Johnson was not going to fall into the trap prepared for him by the Leader of the Opposition. “It is absurd,” he objected. “Every single recipient of Universal Credit would lose their benefits under Labour because they want to abolish Universal Credit, Mr Speaker.”

“The Prime Minister didn’t answer the question,” Sir Keir remarked.

“Wages are rising,” Johnson said, and sketched a picture of a happy land of high wages and high skills, which Labour would wreck by allowing unrestricted immigration.

Sir Keir drew a picture of an unhappy land where it would take “over nine hours a week just to get the money back”. How could anyone with children work an extra day a week just to replace the lost income?

Especially, he added, as the Government is also putting up taxes.

Johnson lamented that “the party of Nye Bevan” could fall so low as to vote against measures which would fix the NHS.

Sir Keir tried to put pressure on the Prime Minister by getting his benches to chant “up…up…up” as he mentioned tax rises.

“I see the panto season has come early,” Johnson retorted, and mocked Sir Keir for having written a 14,000 word essay about the future of socialism.

Sir Roger Gale (Con, North Thanet) brought bad news:

“On ‘Back British Farming’ day we’re in harvest time but, Mr Speaker, all is not safely gathered in.
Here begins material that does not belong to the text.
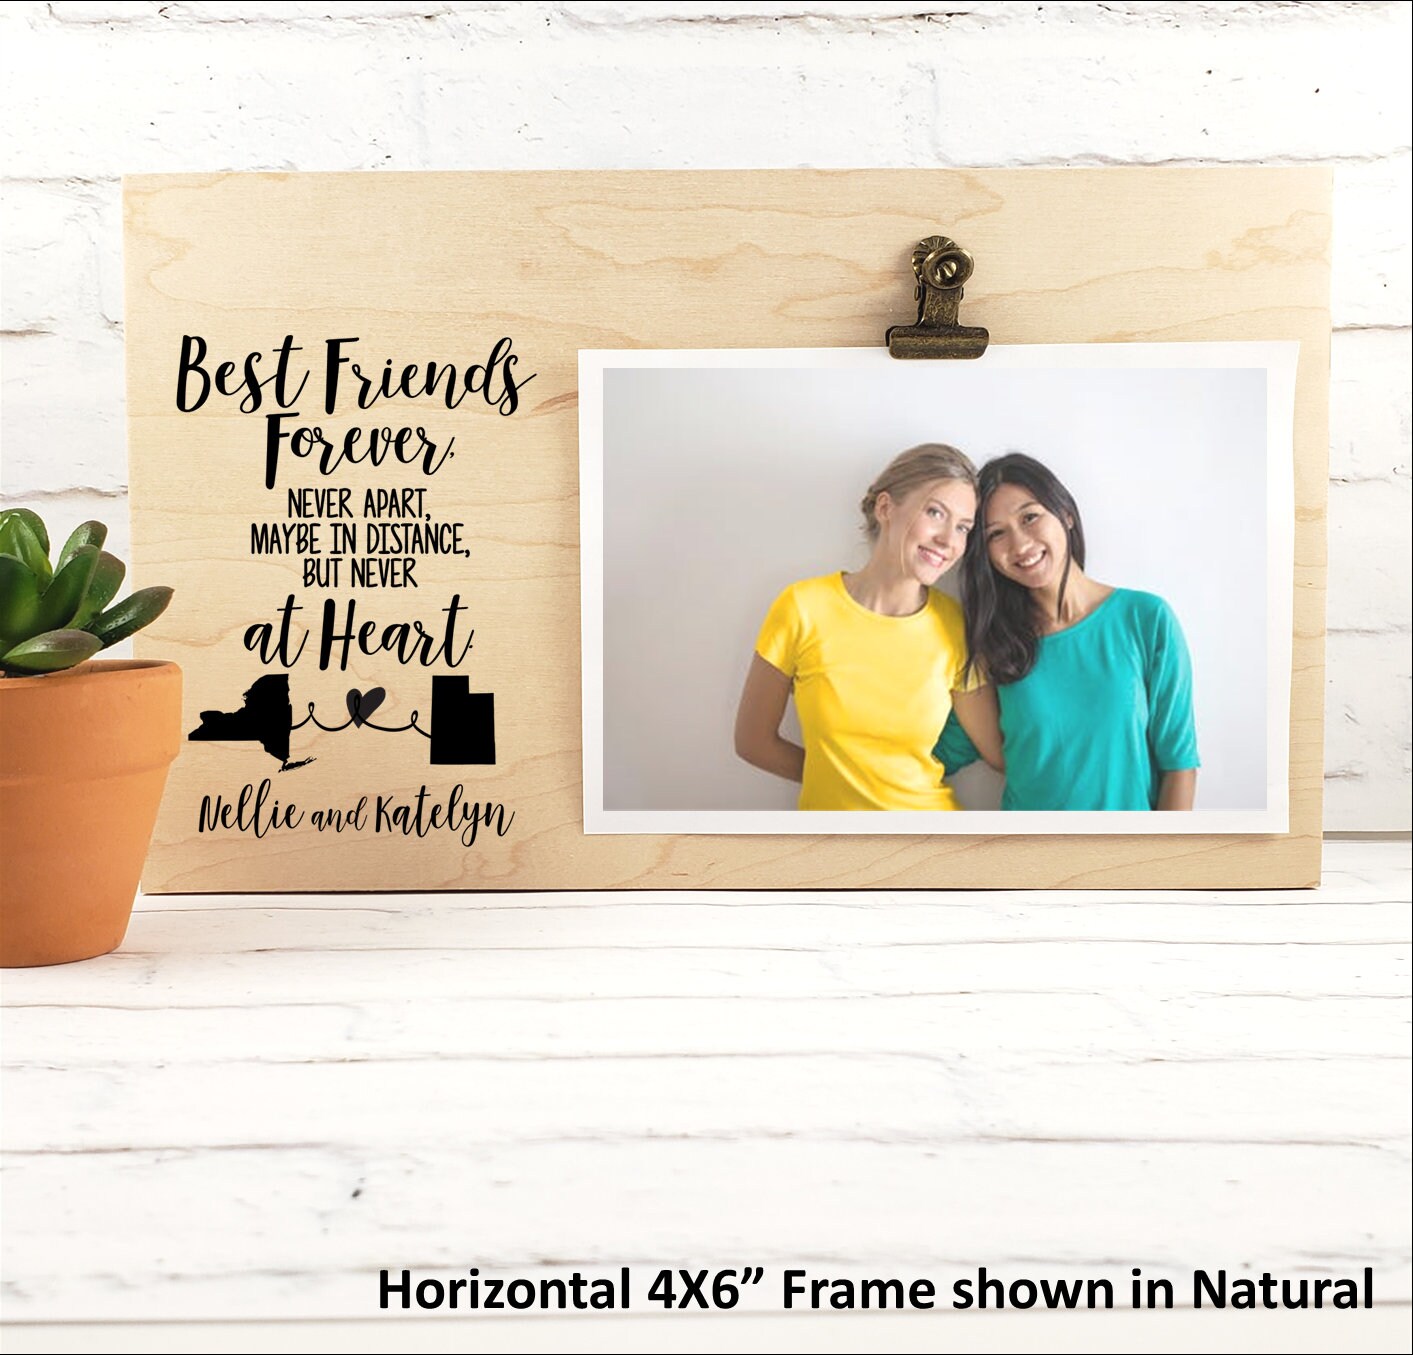 4x6 Picture Frame for Best Friend Picture Frame for Women, Birthday Gifts  for Friend Female, Forever Friends Photo Frame- Side By Side Or Miles Apart

“In three weeks, Thanet Earth in my constituency, the largest glasshouse company in the country growing tomatoes, has had to trash £320,000 worth of produce because of no pickers and no drivers.

“Because of the lack of labour force, the crops are rotting in our fields and on our trees.”

He urged the Prime Minister to “introduce immediately” a Covid Recovery Visa so this year’s crops are not lost.

Johnson declined to do so. He said the Government was “taking steps”, and the Seasonal Agricultural Scheme would be used to ensure that British farms get the workers they need.

And off he went to reshuffle his ministerial team: a measure which however comprehensive it is, might well not produce enough workers to get in the lost crops.